Baidu leads US$87 million investment in Chinese smart lock start-up YunDing – Dec. 18, 2018 (South China Morning Post)

  • Apart from the financial injection, Baidu said in a statement that it will power YunDing with its cutting-edge artificial intelligence (AI) technologies and smart cloud service to “further complete its smart home ecosystem”
  • The investment is Baidu’s latest effort to bring AI into people’s everyday lives. The company has teamed up with several home appliance majors in China, including Haier Group and TCL Corp, to make voice-controlled speakers as well as smart fridges and televisions

Ada raises $14 million to help companies develop their own customer service chatbots – Dec. 18, 2018 (VentureBeat)

  • Ada, a Canada-based startup that is setting out to help companies develop their own automated customer service tools, has raised CAD$19 million (USD$14 million) in a series A round of funding led by New York-based VC firm FirstMark Capital, with participation from Leaders Fund, Burst Capital, Bessemer, Version One, and computer scientist Barney Pell
  • Founded out of Toronto in 2016, Ada develops chatbots and related artificial intelligence (AI) software to help companies manage inbound customer queries. The company shouldn’t be confused with Berlin-based Ada Health, which also works in the chatbot realm

Meeshkan raises €370K for its ‘ChatOps’ bot for training machine learning models – Dec. 17, 2018 (TechCrunch)

  • Meeshkan, a Finnish startup that made quite a splash at the recent Slush conference, has quietly raised €370,000 in pre-seed funding to continue developing its “ChatOps” product for machine learning developers
  • Deployed on Slack, the bot allows developers to “rapidly stop, restart, fork, tweak, monitor, deploy and test machine learning models” without interrupting the collaborative workflows they are accustomed to or being forced to go back and forth between disparate developer tools

K Health raises $25M for its AI-powered primary care platform – Dec. 17, 2018 (TechCrunch)

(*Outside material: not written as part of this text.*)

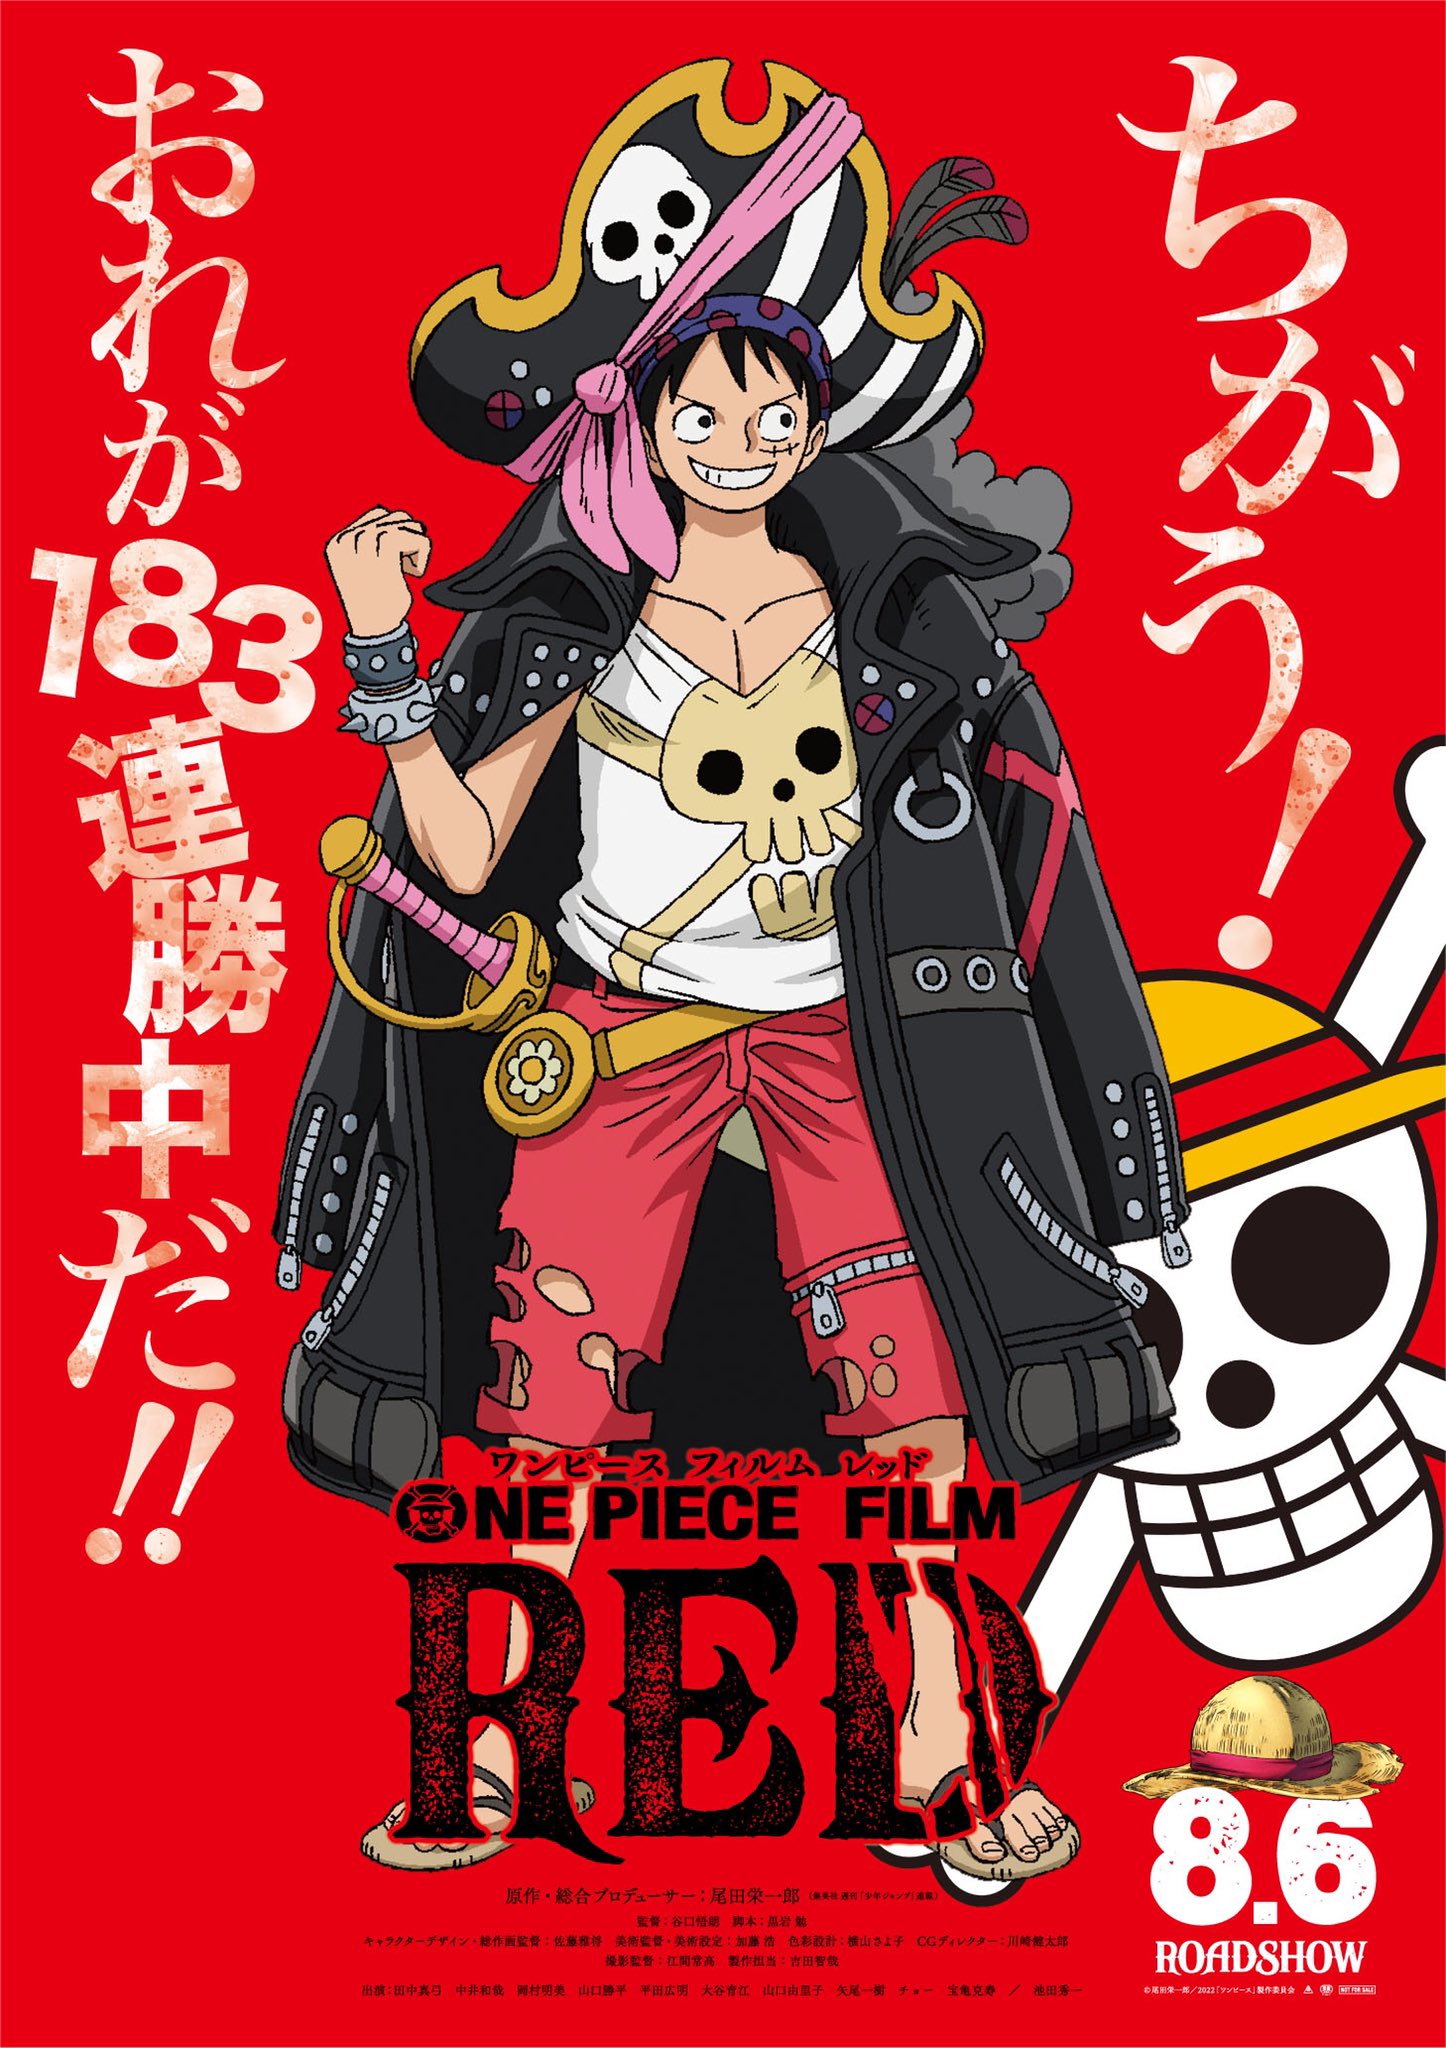 Film red piece one One Piece

  • K Health, the startup providing consumers with an AI-powered primary care platform, has raised $25 million in Series B funding. The round was led by 14W, Comcast Ventures and Mangrove Capital Partners, with participation from Lerer Hippeau, BoxGroup and Max Ventures — all previous investors from the company’s seed or Series A rounds. Other previous investors include Primary Ventures and Bessemer Venture Partners
  • Co-founded and led by former Vroom CEO and Wix co-CEO Allon Bloch, K Health (previously Kang Health) looks to equip consumers with a free and easy-to-use application that can provide accurate, personalized, data-driven information about their symptoms and health

Partnerships:

IBM Africa and Hello Tractor pilot AI/blockchain agtech platform – Dec. 20, 2018 (TechCrunch)

  • IBM Research and agtech startup Hello Tractor have developed an AI and blockchain-driven platform for Africa’s farmers. The two companies will pilot the product in 2019 through an ongoing partnership co-financed by IBM
  • Dubbed Digital Wallet in beta, the cloud-based service aims to support Hello Tractor’s business of connecting small-scale farmers to equipment and data analytics for better crop production

Luminar collaborates with Audi’s Autonomous Intelligent Driving on driverless vehicles – Dec. 18, 2018 (VentureBeat)

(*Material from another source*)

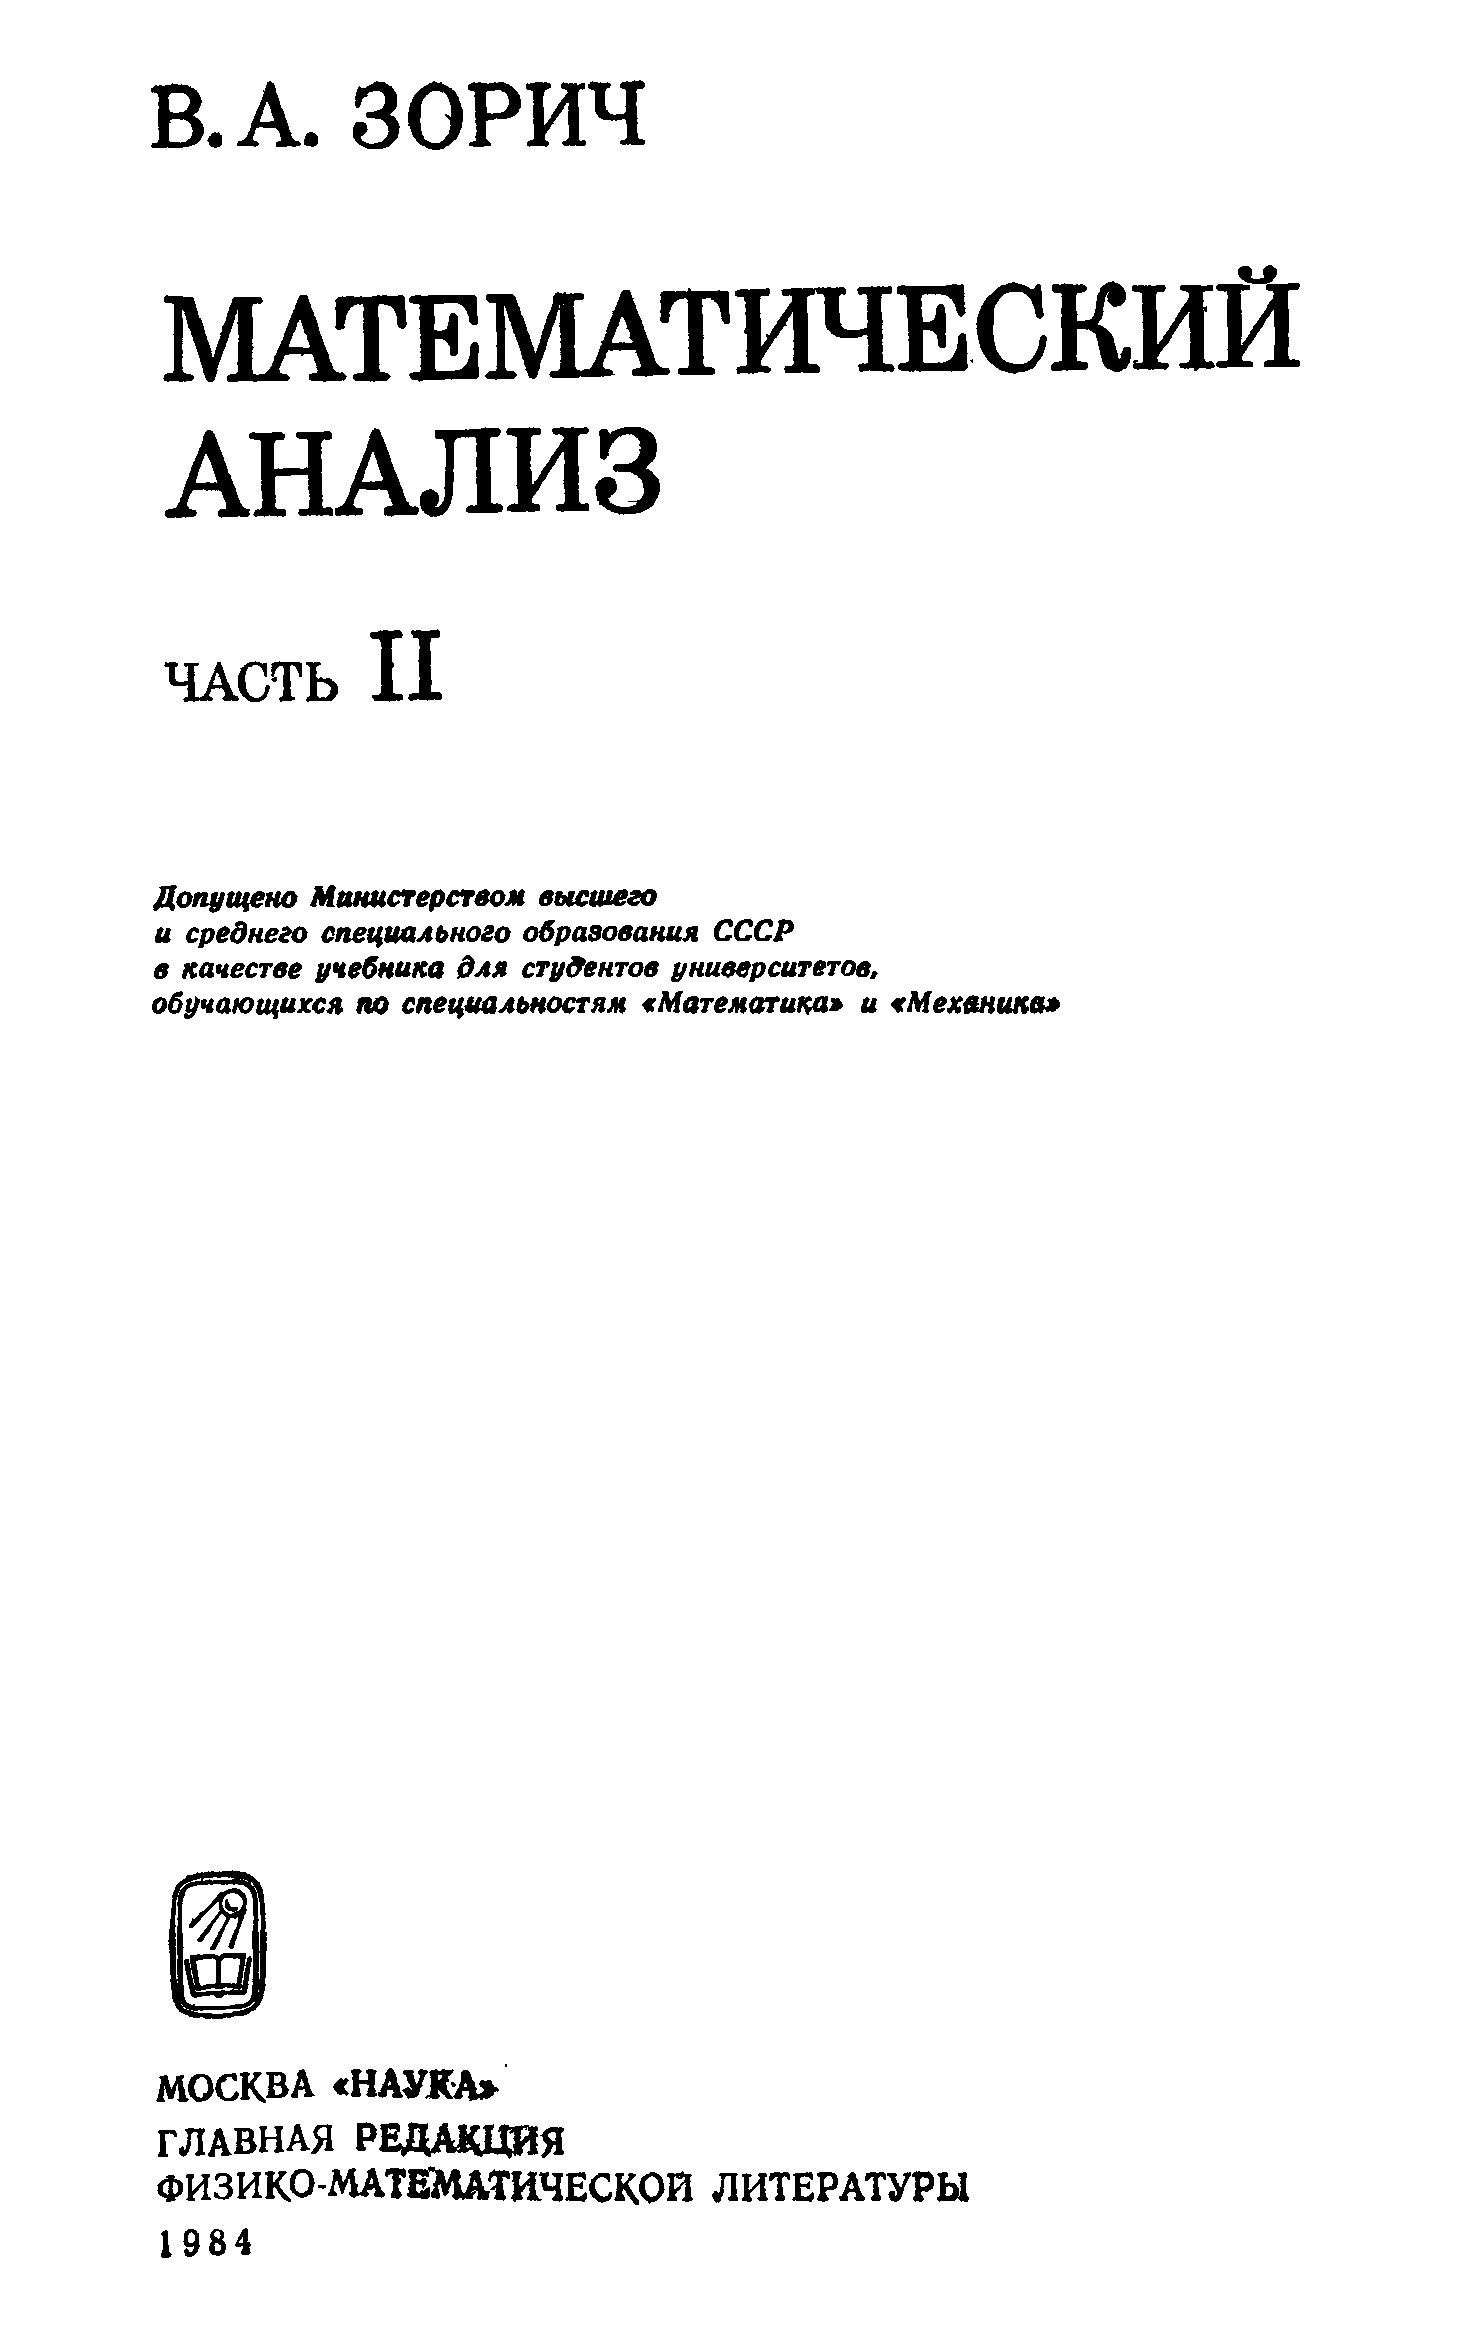 Математический анализ pdf

  • Palo Alto startup Luminar today announced a collaboration with Autonomous Intelligent Driving (AID), Audi’s driverless technology spinoff and a supplier for Volkswagen Group brands, such as VW and Porsche, to accelerate the latter’s goal of bringing to market fully self-driving cars by 2021
  • This marks the second such partnership between the two companies, which teamed up in June to outfit prototypical autonomous cars with object-detecting lidar sensors. According to Alexandre Haag, AID’s chief technology officer, Luminar remains a “key player” in the company’s broader deployment plans

Research / studies:

Google has completed over 100 ethical reviews of AI ‘projects, products, and deals’ – Dec. 18, 2018 (VentureBeat)

  • Kent Walker, senior vice president of global affairs at Google, said in a blog post that a formal review structure to assess new “projects, products and deals” has been established, and that more than 100 reviews have been completed so far. Some have resulted in decisions to modify research in visual speech recognition and to hold off on commercial offerings of technology like general-purpose facial recognition
  • Google’s AI ethics review team as it exists today consists of researchers, social scientists, ethicists, human rights specialists, policy and privacy advisors, legal experts, social scientists who handle initial assessments and “day-to-day operations,” and a second group of “senior experts” from a “range of disciplines” across Alphabet — Google’s parent company — who provide technological, functional, and application expertise. A council of senior executives navigates more “complex and difficult issues,” including decisions that affect Google’s products and technologies

Cien to open AI, data science center in Barcelona after raising €1.6M – Dec. 18, 2018 (Cien)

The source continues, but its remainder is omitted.